--- Exercise data Enclosed Below ---
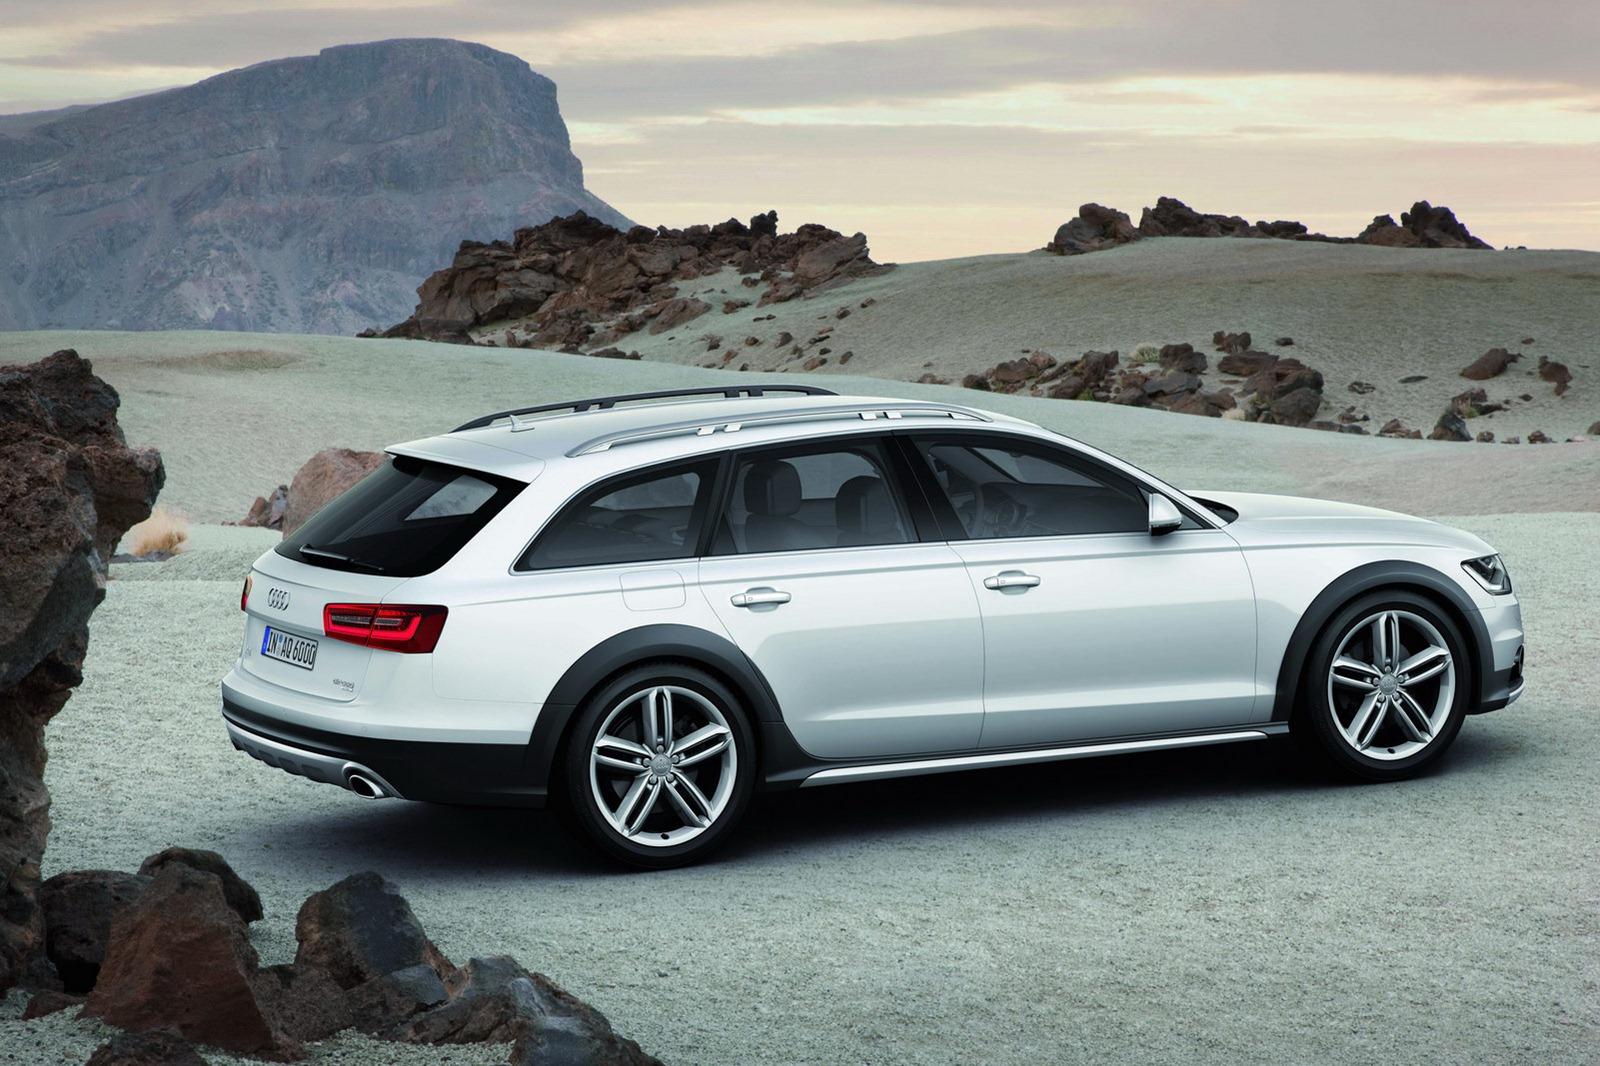 New 2013 audi a6 allroad unveiled autoevolution
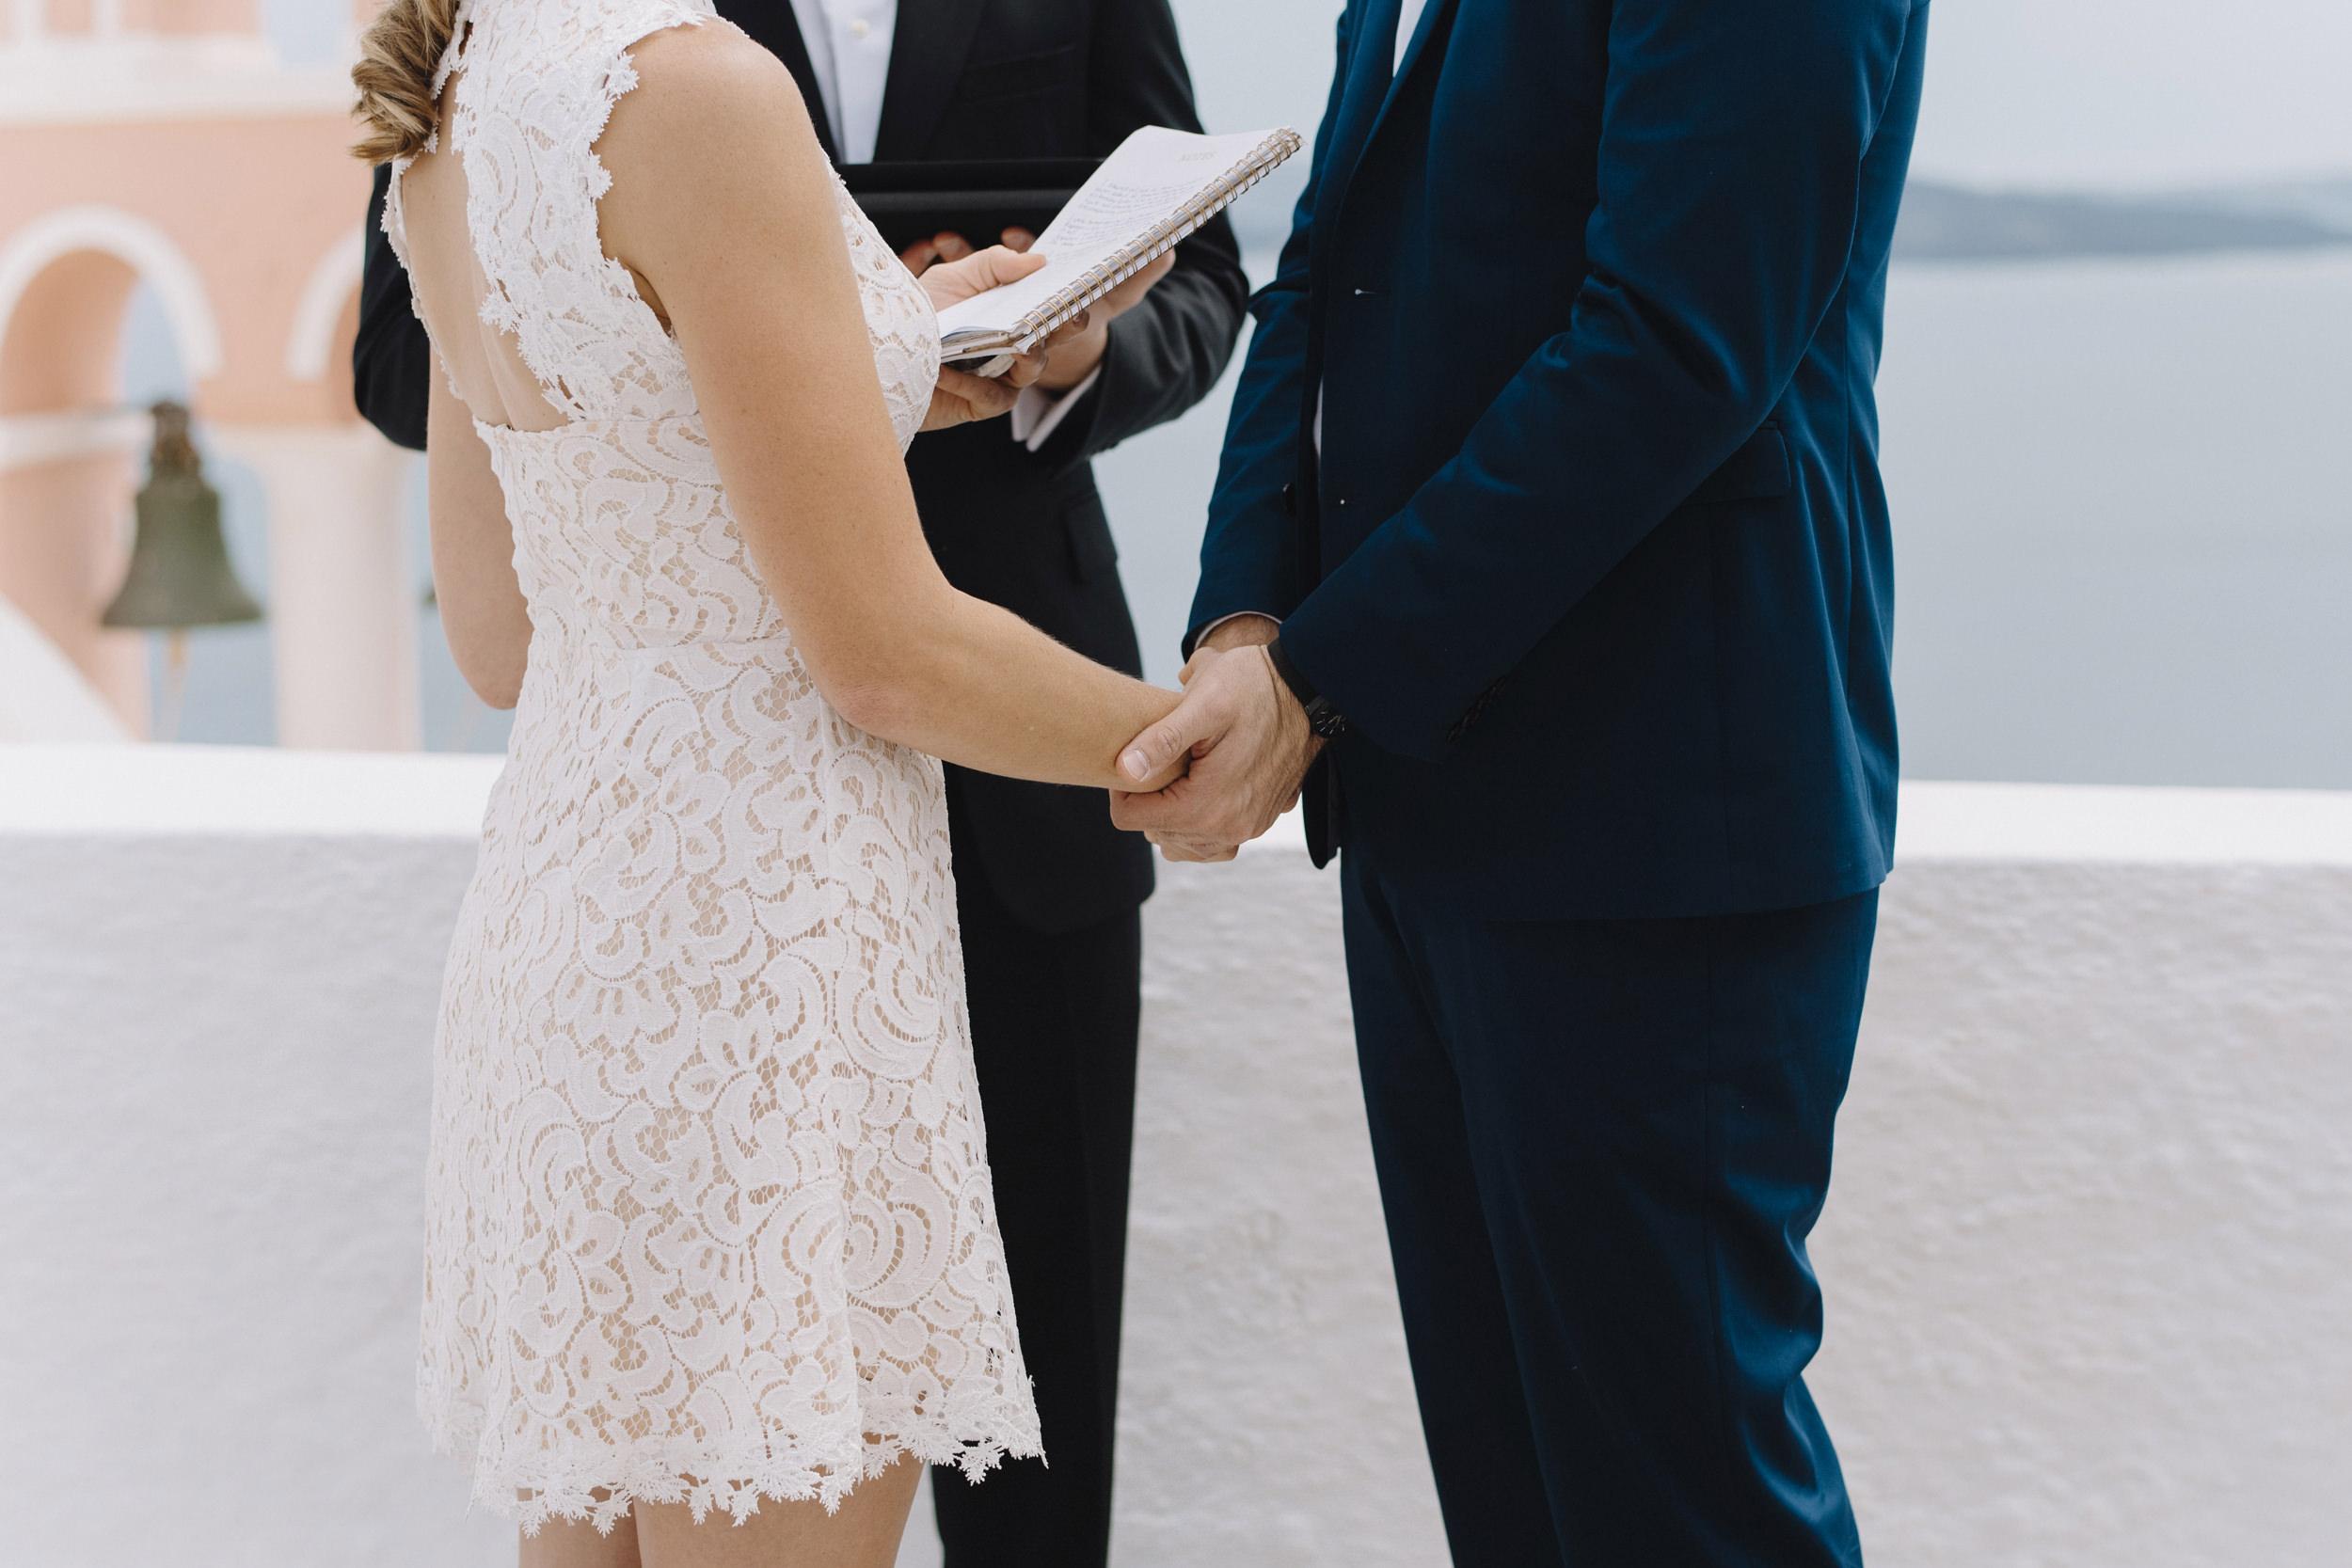 Oia Santorini Greece Destination Elopement Wedding Photographer Colby and Jess
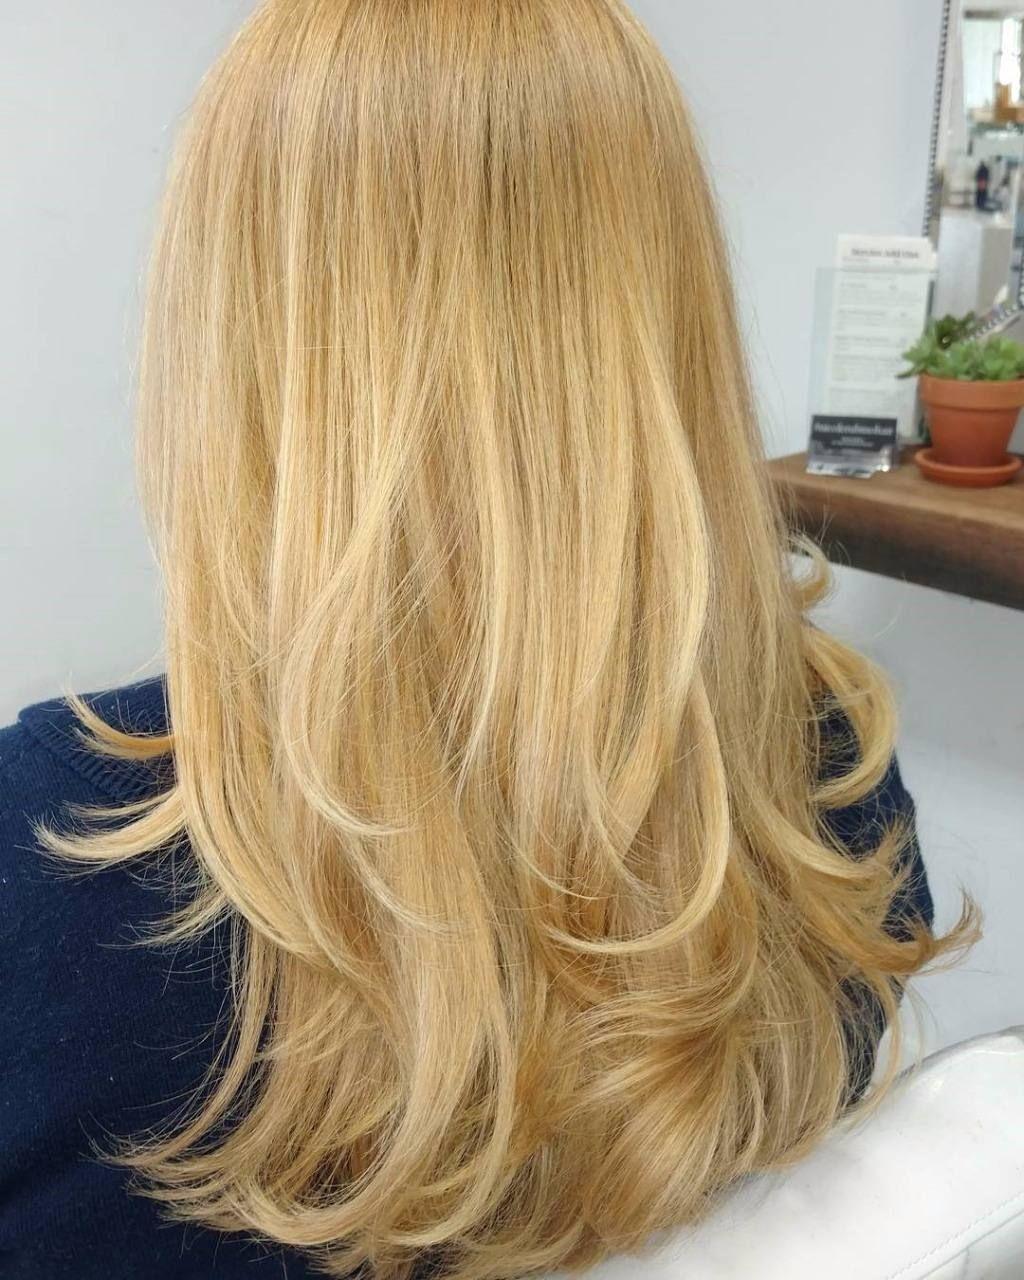 Sunset Blonde 9 0 20 Volume Developer Highlights With Lightening
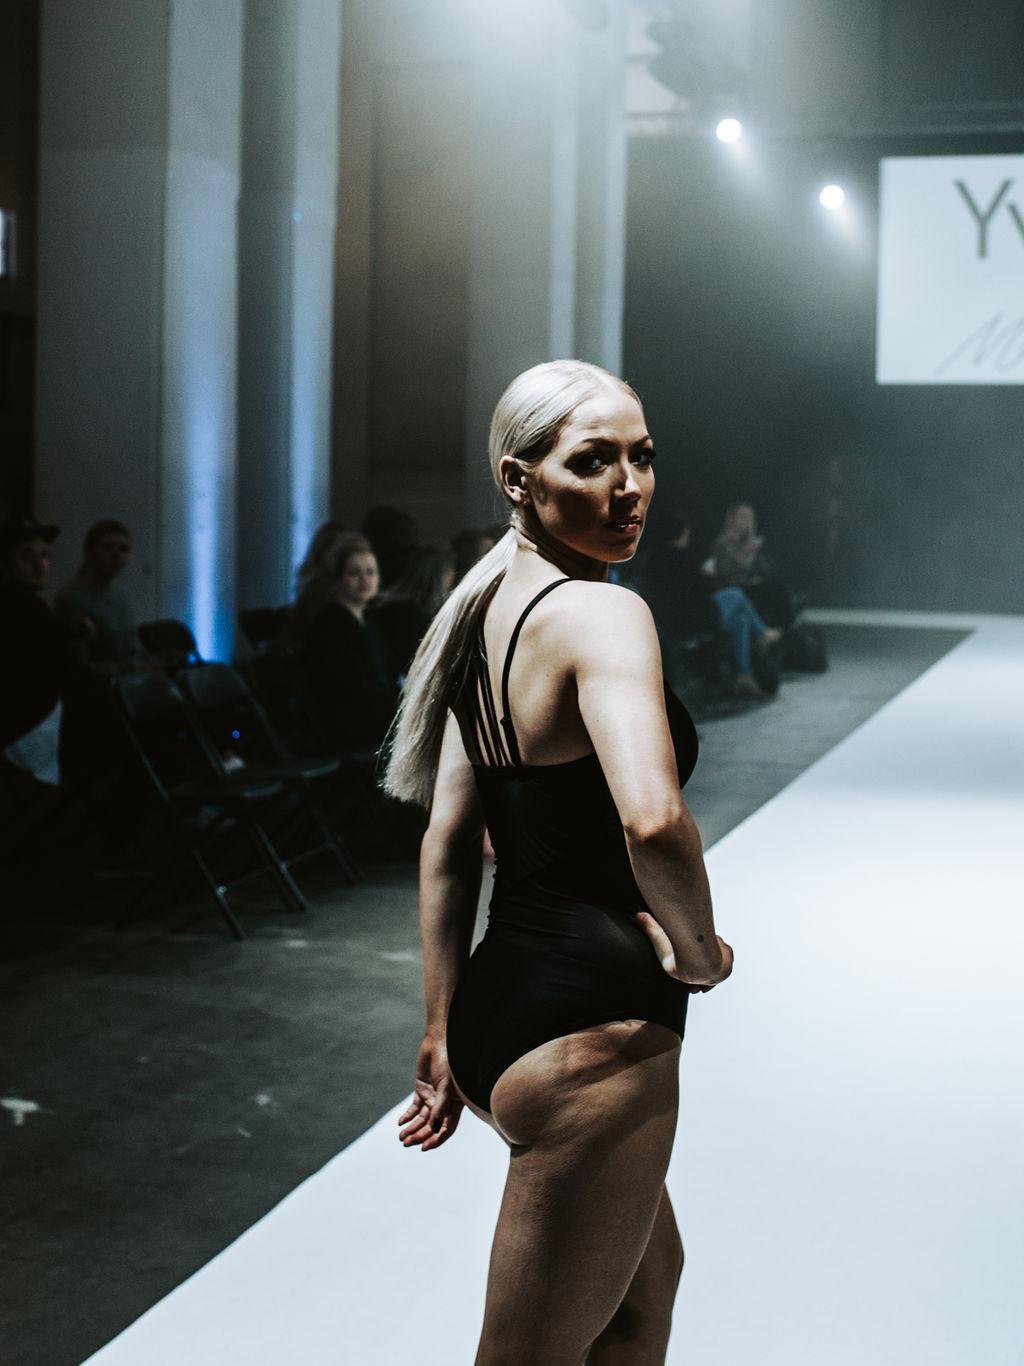 20190515_Yvette_X_Martina_Lili_Nissila-25.jpg
--- End of Enclosed Exercise data ---
» Your objective
The material above must be set down word for word, with no picture carried over.

» Output of the task
 New 2013 audi a6 allroad unveiled autoevolution
 Oia Santorini Greece Destination Elopement Wedding Photographer Colby and Jess
 Sunset Blonde 9 0 20 Volume Developer Highlights With Lightening
 20190515_Yvette_X_Martina_Lili_Nissila-25.jpg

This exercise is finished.